RESULTS: The panel suggests empiric vitamin D supplementation for children and adolescents aged 1 to 18 years to prevent nutritional rickets and because of its potential to lower the risk of respiratory tract infections; for those aged 75 years and older because of its potential to lower the risk of mortality; for those who are pregnant because of its potential to lower the risk of preeclampsia, intra-uterine mortality, preterm birth, small-for-gestational-age birth, and neonatal mortality; and for those with high-risk prediabetes because of its potential to reduce progression to diabetes. Because the vitamin D doses in the included clinical trials varied considerably and many trial participants were allowed to continue their own vitamin D-containing supplements, the optimal doses for empiric vitamin D supplementation remain unclear for the populations considered. For nonpregnant people older than 50 years for whom vitamin D is indicated, the panel suggests supplementation via daily administration of vitamin D, rather than intermittent use of high doses. The panel suggests against empiric vitamin D supplementation above the current DRI to lower the risk of disease in healthy adults younger than 75 years. No clinical trial evidence was found to support routine screening for 25(OH)D in the general population, nor in those with obesity or dark complexion, and there was no clear evidence defining the optimal target level of 25(OH)D required for disease prevention in the populations considered; thus, the panel suggests against routine 25(OH)D testing in all populations considered. The panel judged that, in most situations, empiric vitamin D supplementation is inexpensive, feasible, acceptable to both healthy individuals and health care professionals, and has no negative effect on health equity.
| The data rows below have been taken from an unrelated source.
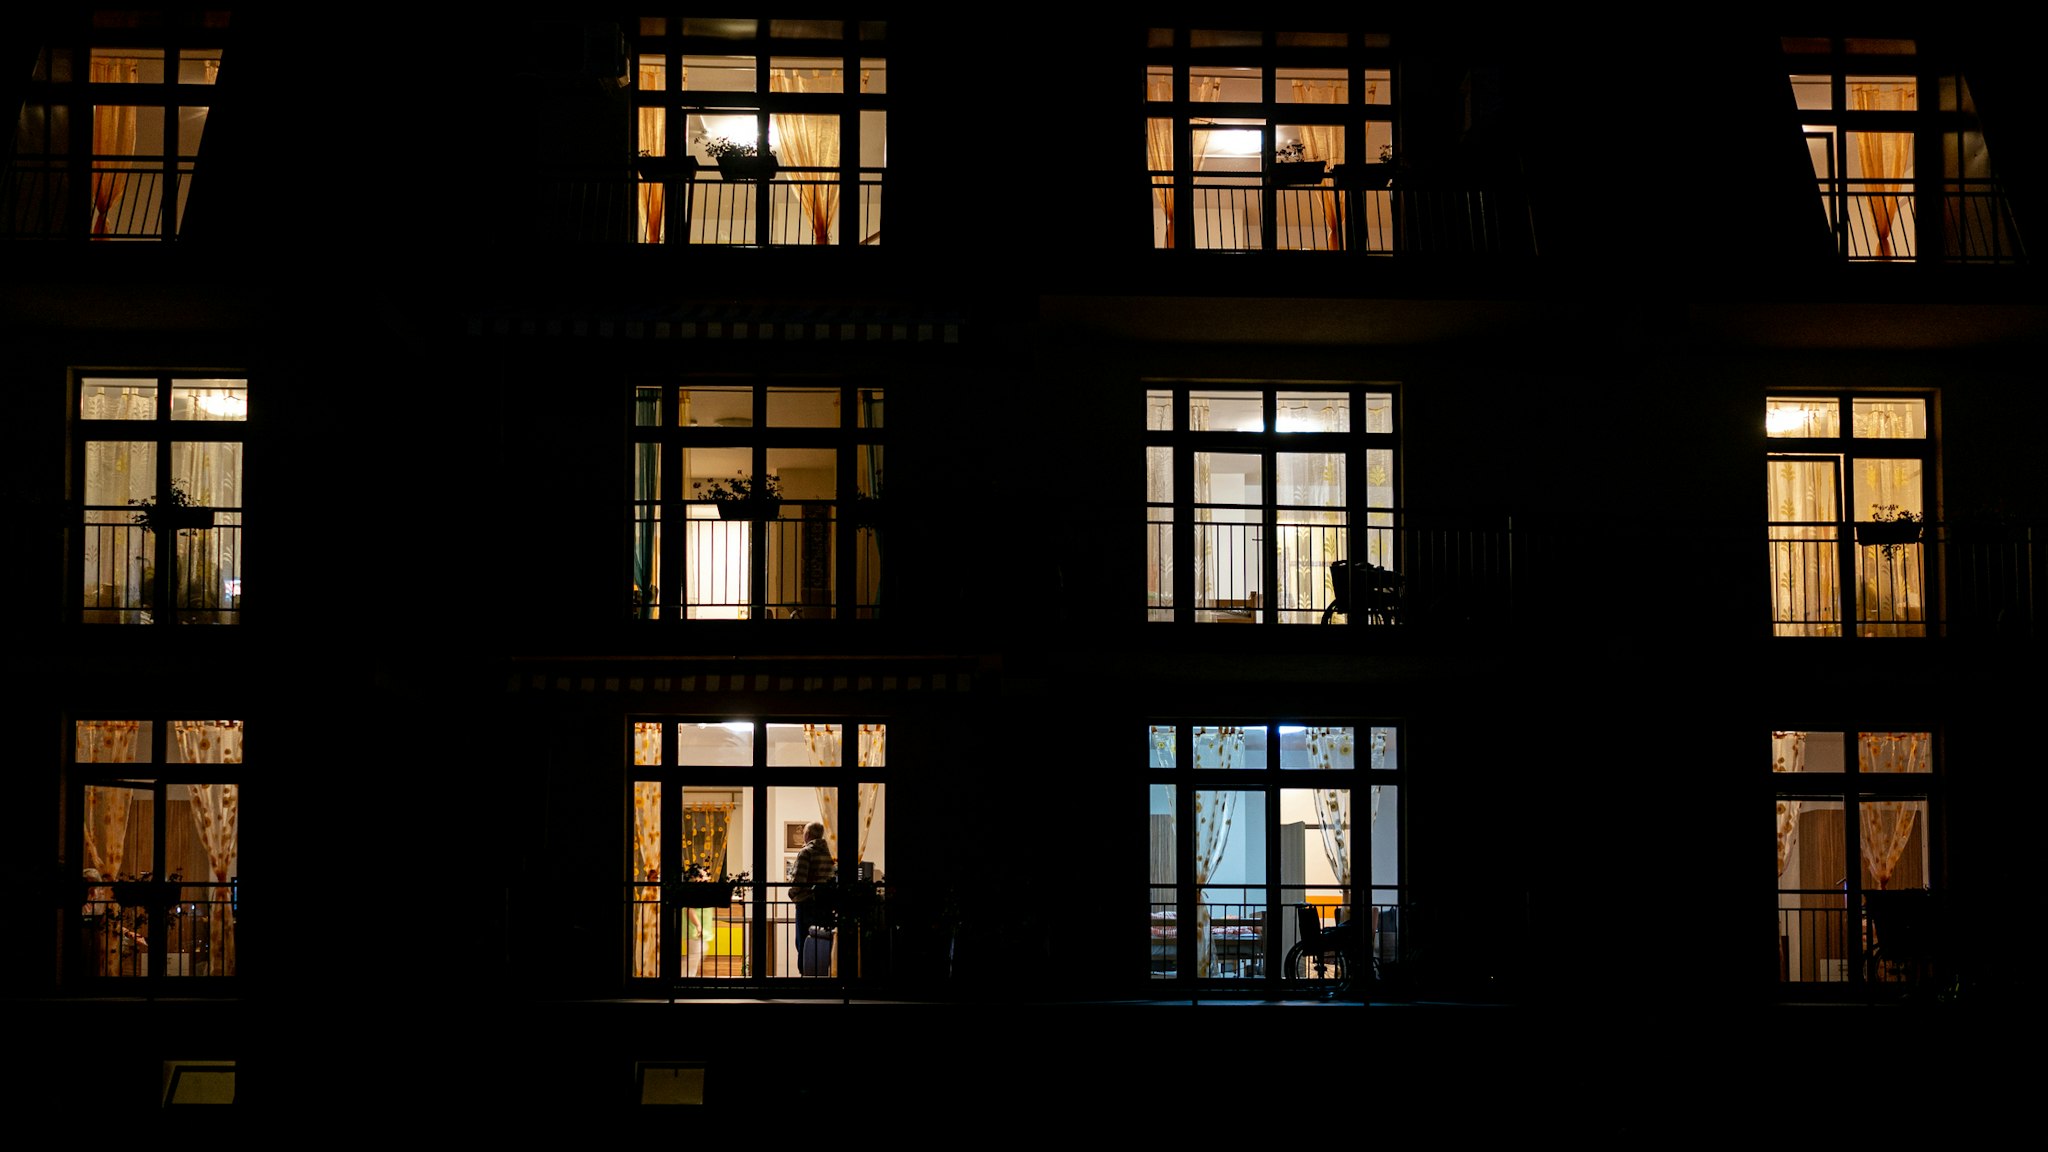 Illuminated windows of night house with people inside - stock photo
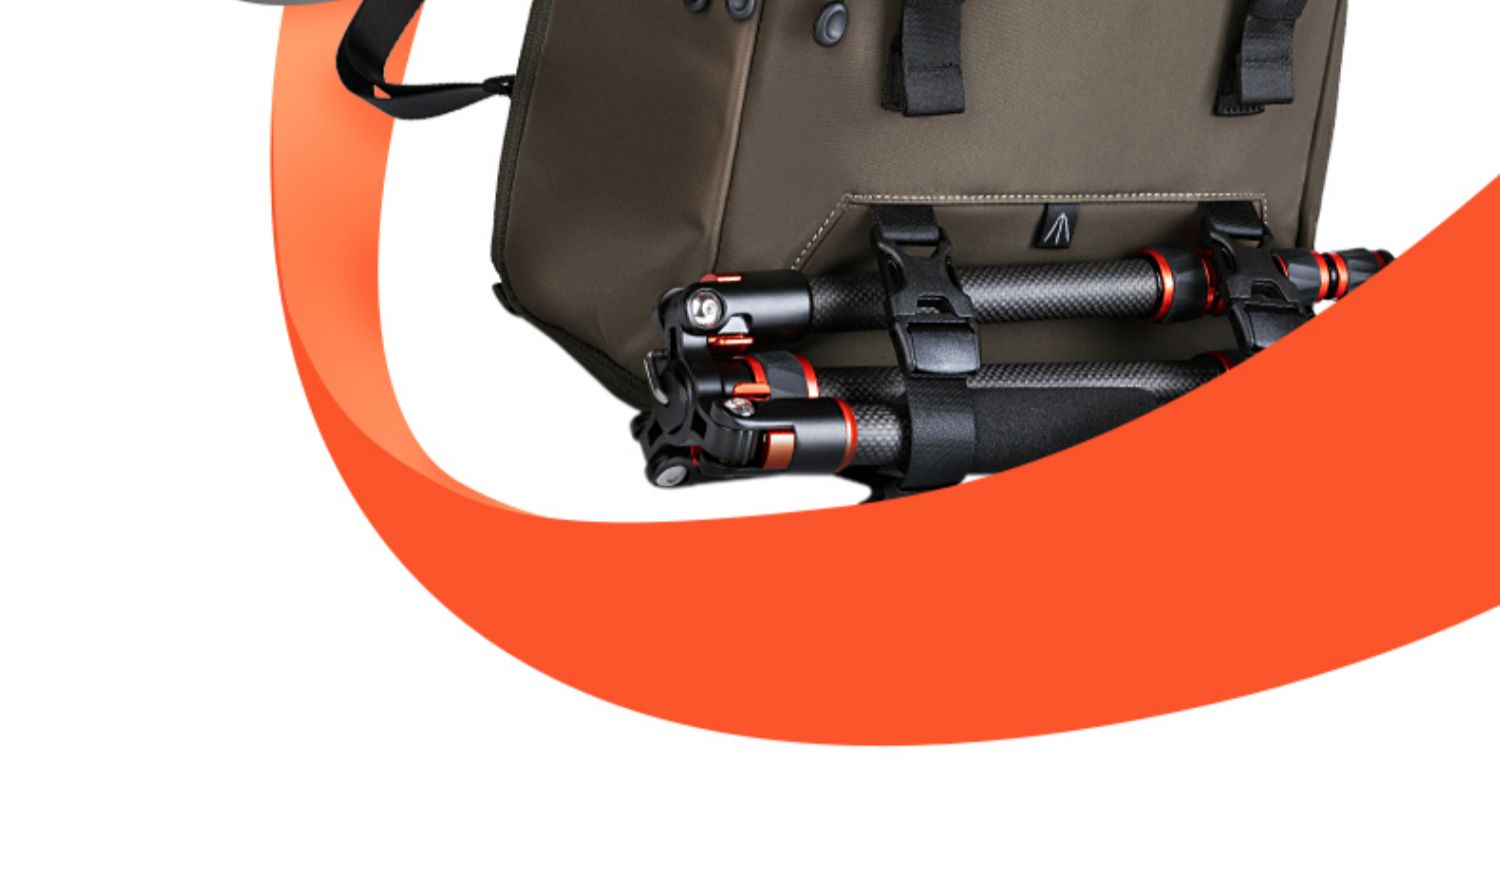 Professional Photography Large Capacity Camera Bag Backpack
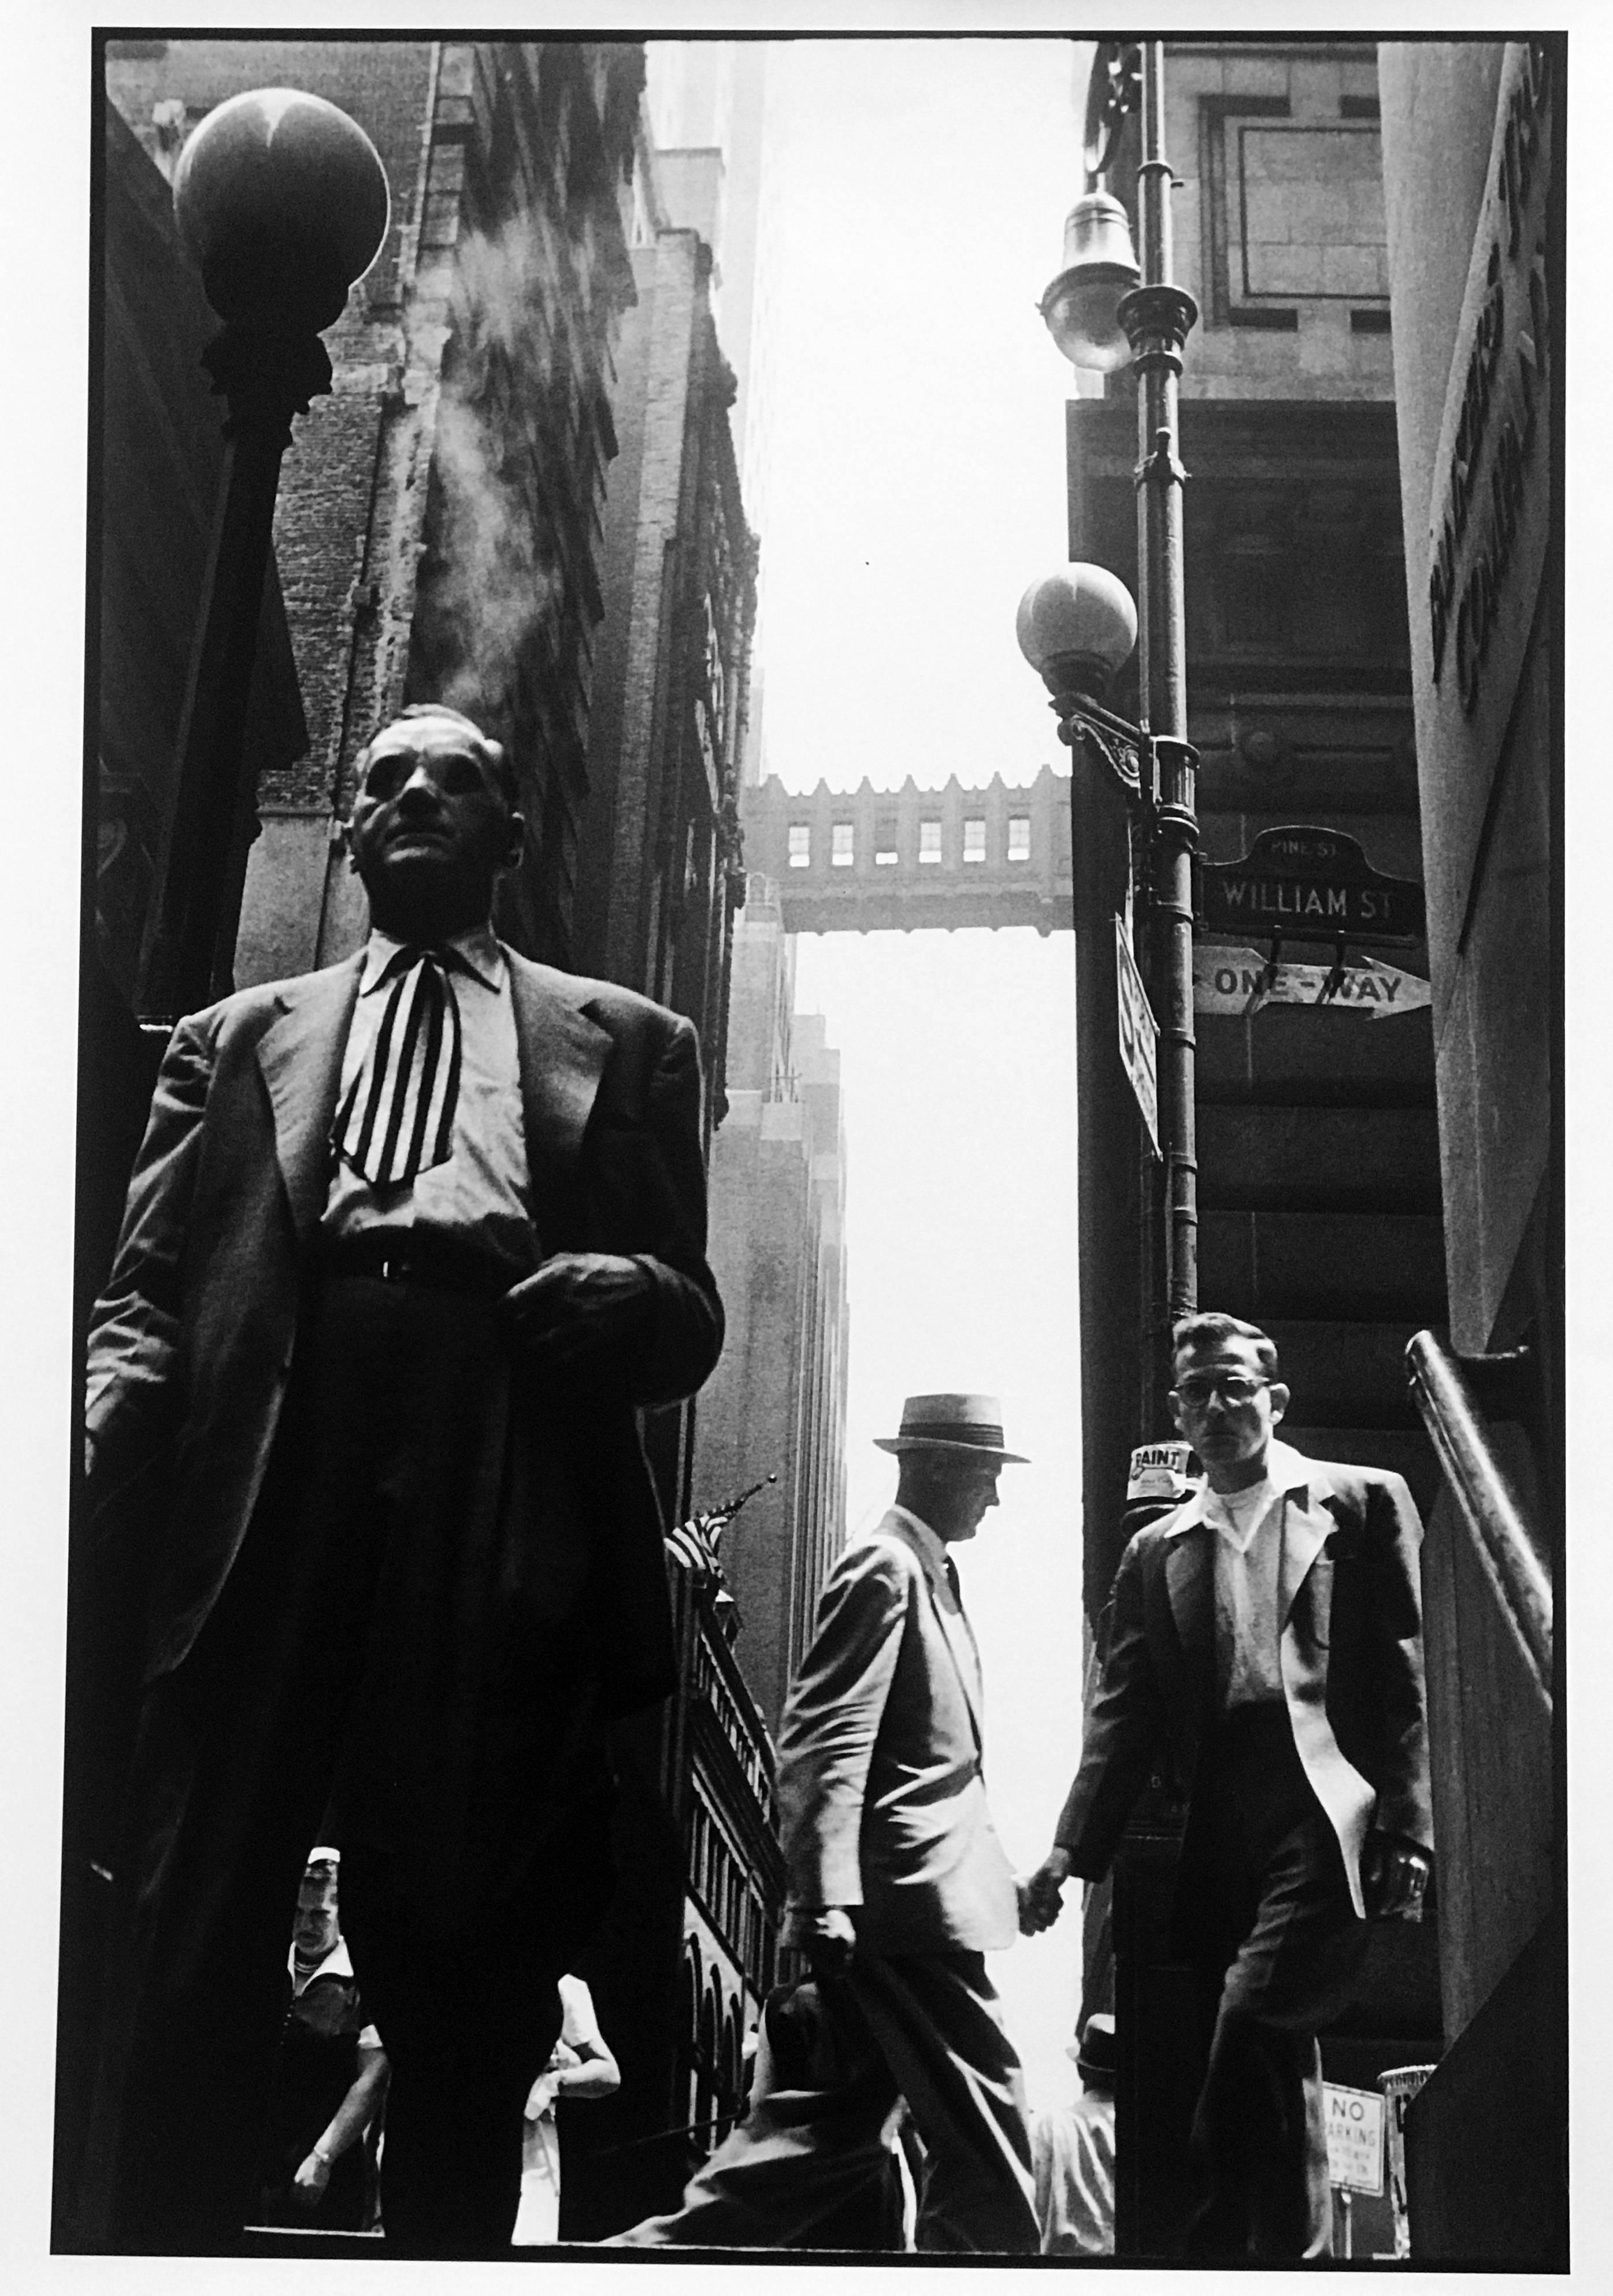 Leonard Freed Figurative Photograph - Wall Street, New York City, signed

CONCLUSIONS: The panel suggests empiric vitamin D for those aged 1 to 18 years and adults over 75 years of age, those who are pregnant, and those with high-risk prediabetes. Due to the scarcity of natural food sources rich in vitamin D, empiric supplementation can be achieved through a combination of fortified foods and supplements that contain vitamin D. Based on the absence of supportive clinical trial evidence, the panel suggests against routine 25(OH)D testing in the absence of established indications. These recommendations are not meant to replace the current DRIs for vitamin D, nor do they apply to people with established indications for vitamin D treatment or 25(OH)D testing. Further research is needed to determine optimal 25(OH)D levels for specific health benefits.